The shortlist for the BC National Award for Canadian Non-Fiction, revealed on Thursday, is made up of five titles which also appear on the longlist for the 2014 RBC Taylor Prize (formerly the Charles Taylor Prize for Literary Non-Fiction), announced on Wednesday.

The shortlisted titles for the BC National Award (which is open to all Canadian writers) are:

Graeme Smith's The Dogs Are Eating Them Now: Our War in Afghanistan. Smith's account of what he witnessed in Afghanistan, where he was reporting for The Globe and Mail. The book won this year's $60,000 Hilary Weston Writers' Trust Prize for Nonfiction. The BC National Award jury calls it "a disturbing, depressing and essential book about Canada's long, misguided Afghanistan mission."

Thomas King's The Inconvenient Indian: A Curious Account of Native People in North America, which was a finalist for the Weston Prize. "King's wry and, at times, angry recounting of the relationship between first nations people and those who came after is remarkable work.
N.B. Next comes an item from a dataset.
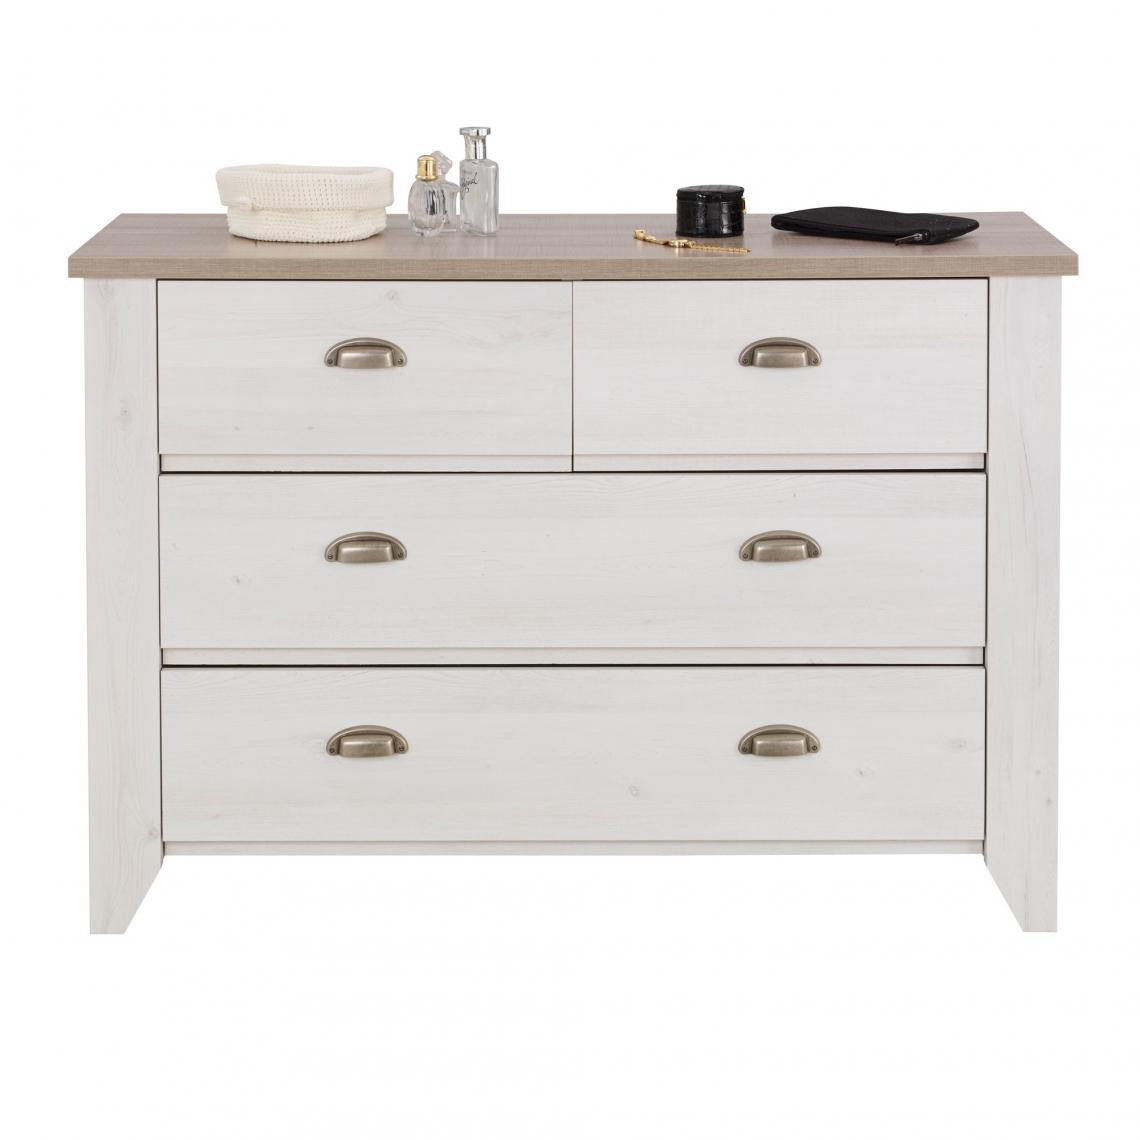 Commodes et chiffonniers Gami Cliquez l image pour l agrandir. Commode 4  tiroirs Ellen Gami - Décor cerisier blanchi   chêne gris Gami ba4d1ecfe949

Highly personal, yet remarkably well-researched and documented, he lays bare uncomfortable truths about history, politics and modern North American culture," reads the jury citation, in part.

The Once and Future World: Nature As It Was, As It Is, As It Could Be – also on the Weston Prize shortlist – by J.B. MacKinnon (best known for The 100-Mile Diet). A Vancouver resident, MacKinnon is the only B.C. author on the shortlist. The jury writes that MacKinnon "in lush hypnotic prose ... paints an unforgettable picture of a long-gone world, while inspiring us to believe that something like it could once again be achieved."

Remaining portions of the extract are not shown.